Exposing Privacy Risks in Graph Retrieval-Augmented Generation (GraphRAG)
Conducted during a six-month remote research internship at Prof. Suhang Wang's Lab at Penn State University.
Introduction
Retrieval-Augmented Generation (RAG) has become a powerful paradigm for enhancing large language models with external knowledge. However, when applied to structured data such as knowledge graphs (GraphRAG), new privacy risks may emerge. During my six-month remote research internship at Prof.

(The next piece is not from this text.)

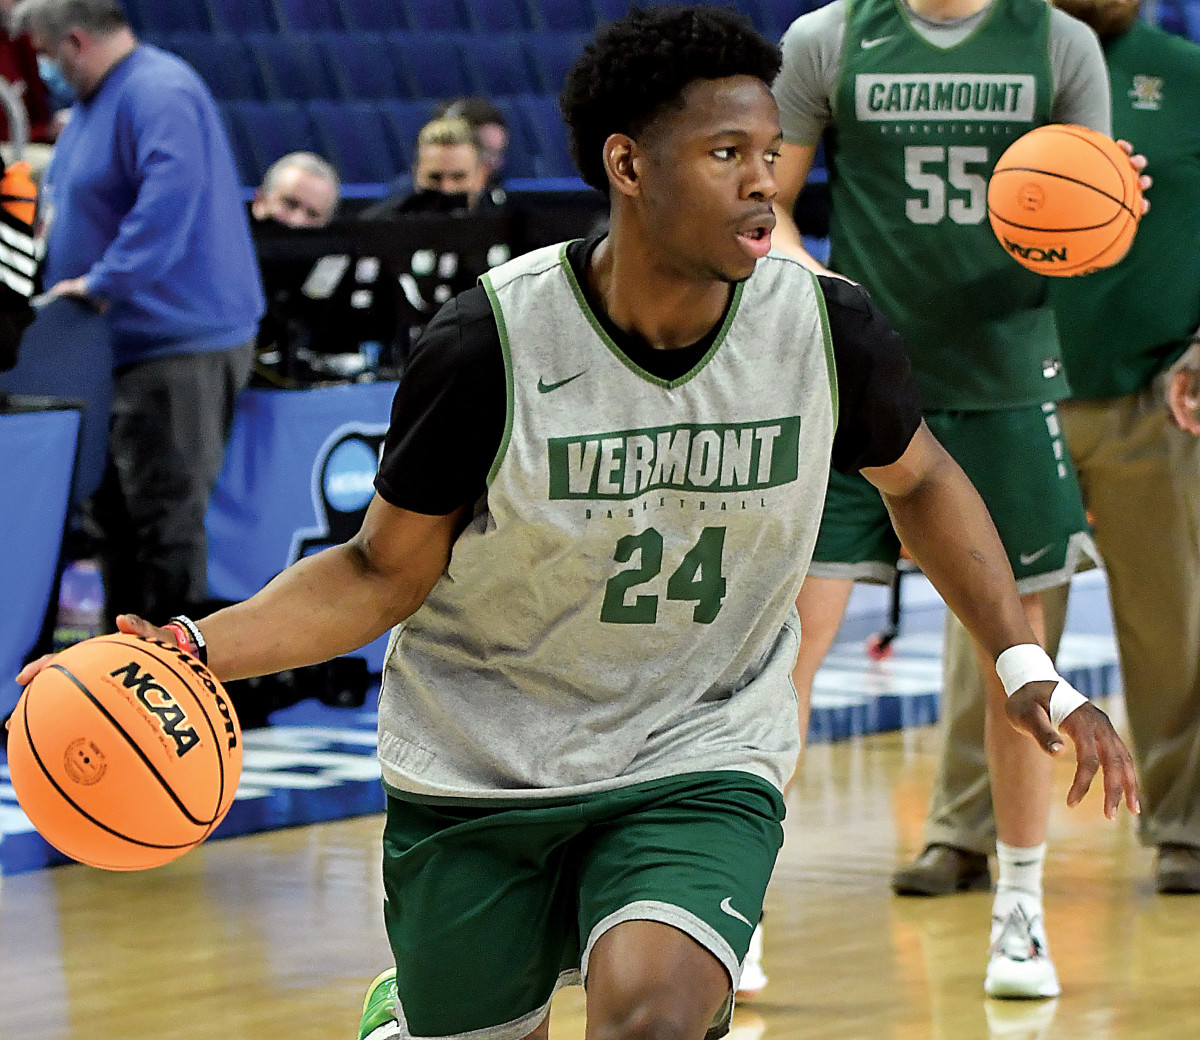 Vermont Catamounts guard Ben Shungu (24) handles the ball during a practice session for the first round of the 2022 NCAA Tournament at KeyBank Center. Vermont fans will have a drive similar to South Arkansas fans heading to Fayetteville, while Arkansas fans would need to drive for at least 21 hours to make the game.
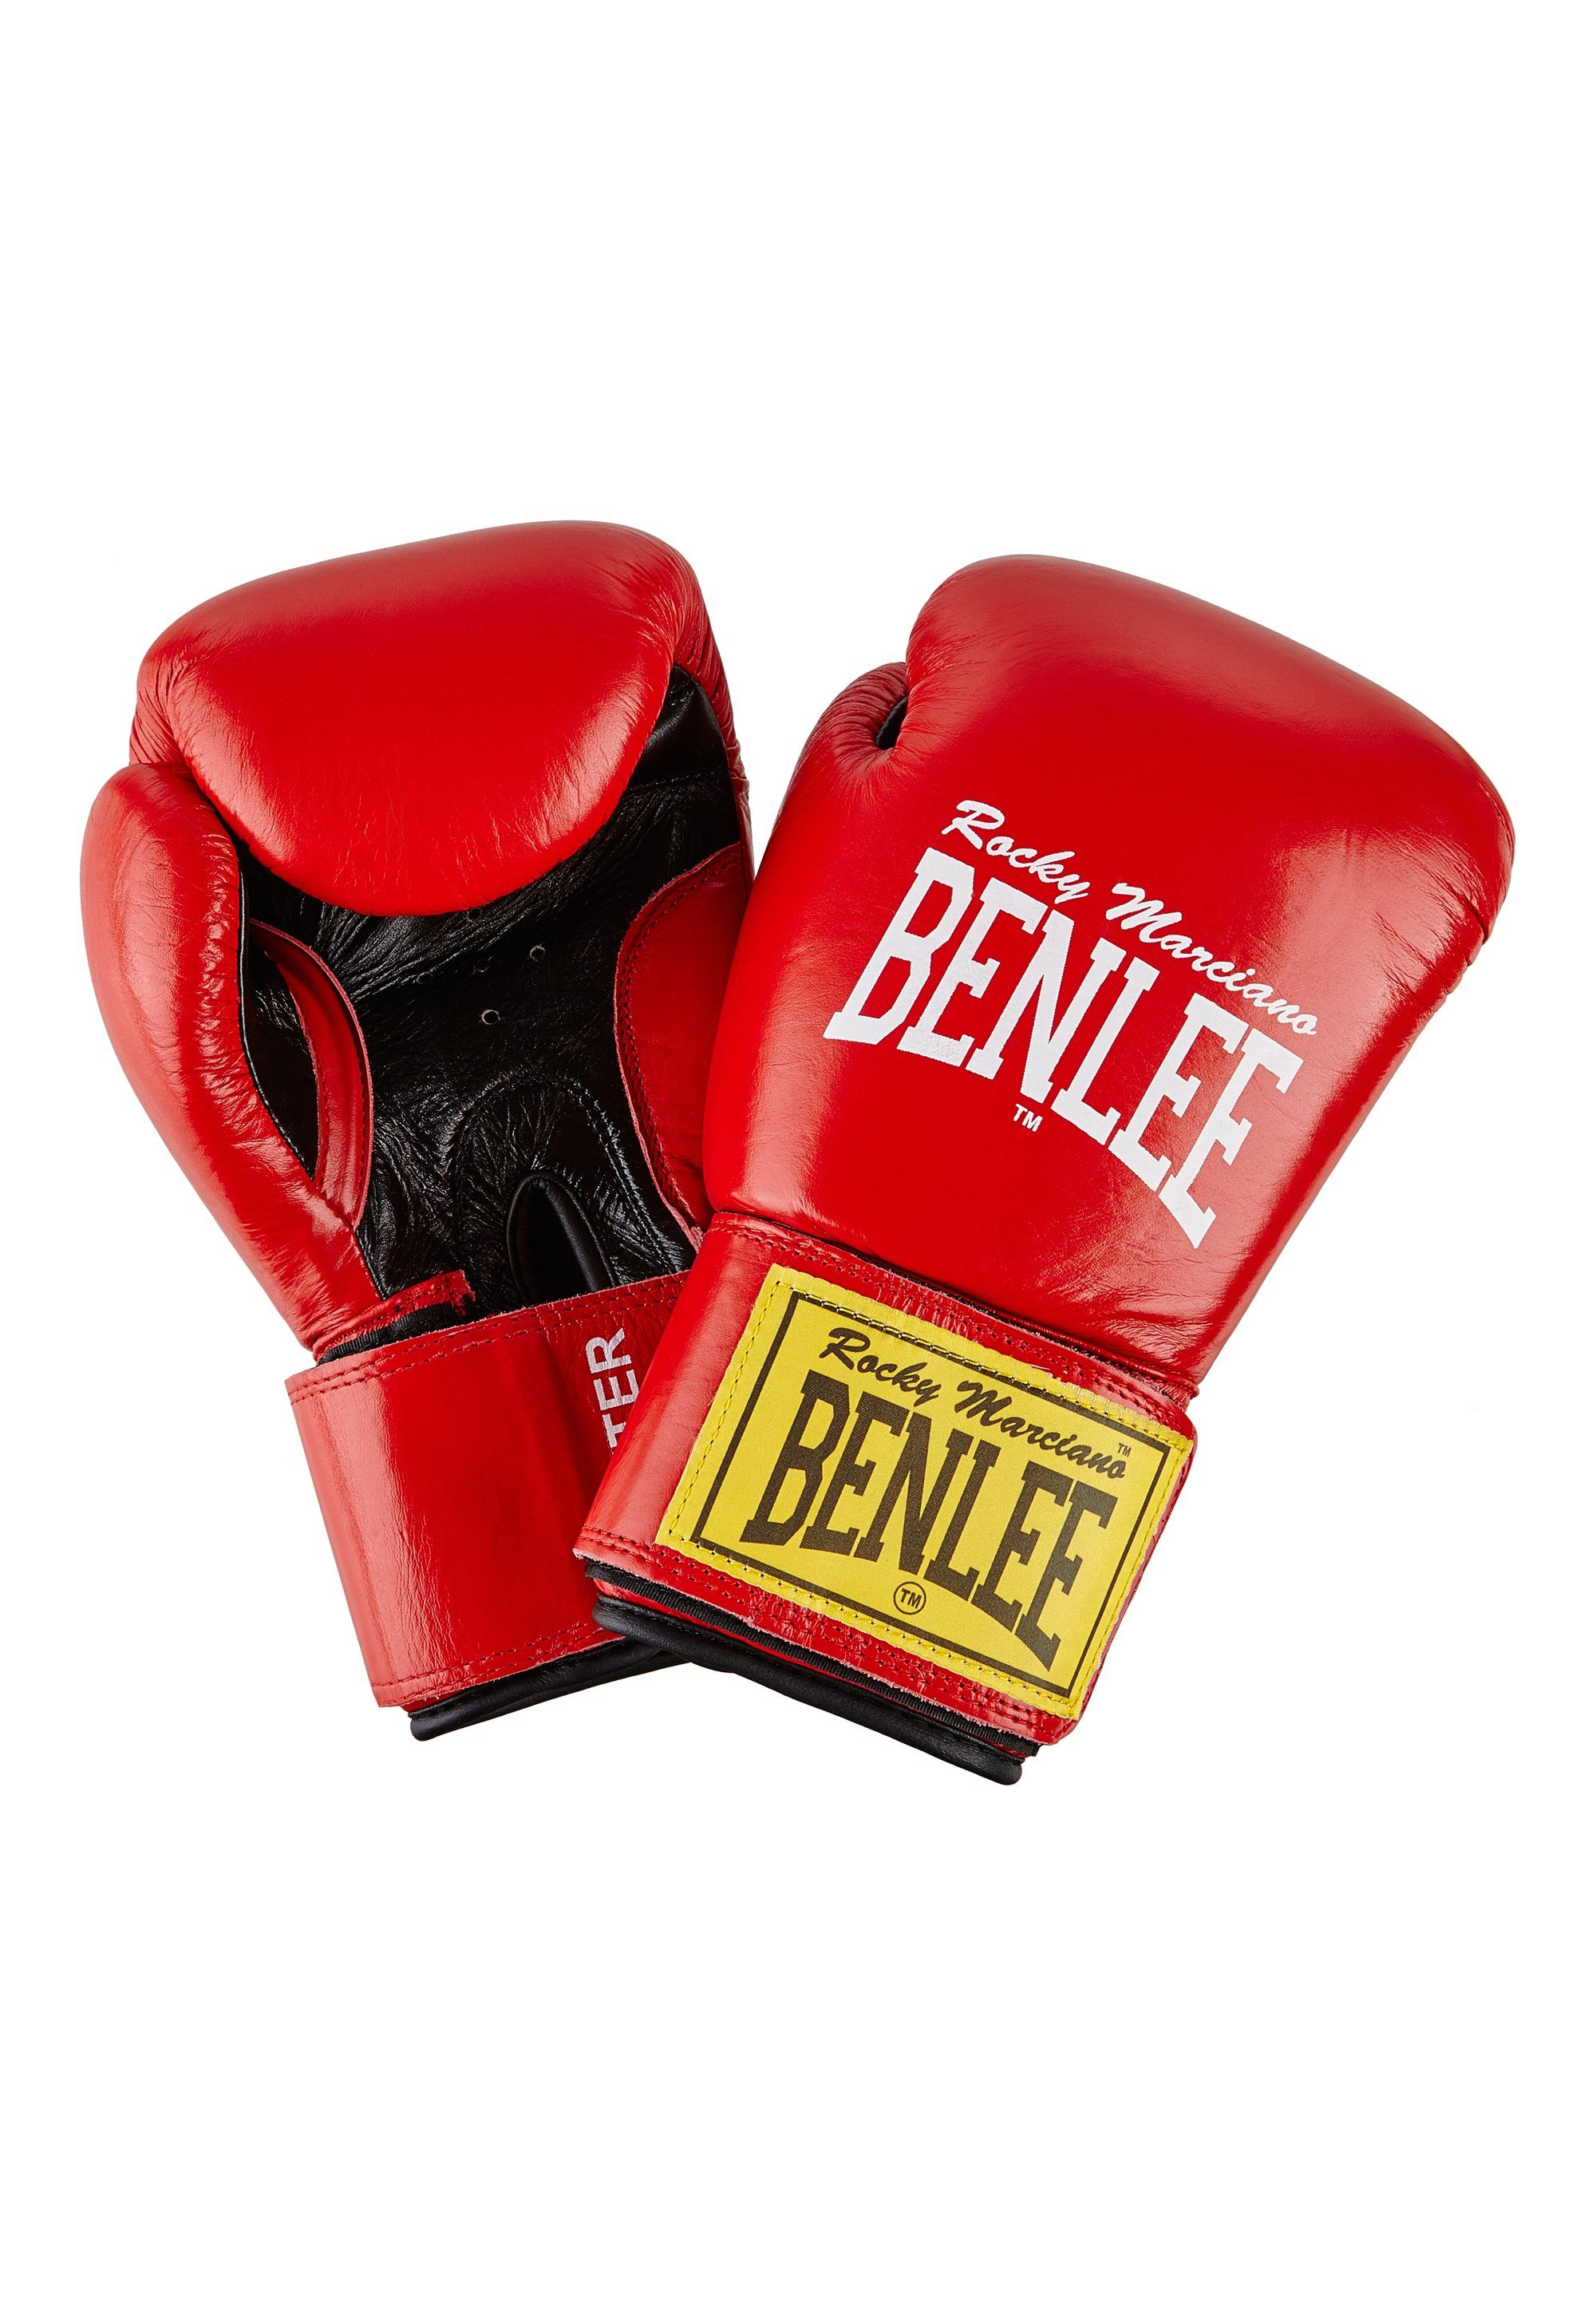 Benlee Rocky Marciano Boxhandschuhe Red/Black FIGHTER

Suhang Wang's Lab, I investigated the vulnerabilities of GraphRAG systems under data extraction attacks.
Research Highlights
Novel Study
Conducted the first empirical study revealing privacy risks and data extraction vulnerabilities in GraphRAG systems.
Attack Design
Implemented both targeted and untargeted extraction attacks, achieving up to 73.6% entity leakage and 74.0% relationship leakage per query.
Trade-off Analysis
Identified a critical privacy–utility trade-off inherent in graph-based RAG architectures.
Defense Exploration
Evaluated potential defense mechanisms, including summarization, system prompt enhancement, and similarity thresholds.
Impact
This work provides foundational insights into the security and privacy challenges of GraphRAG, helping future researchers and practitioners design more robust and trustworthy retrieval-augmented systems.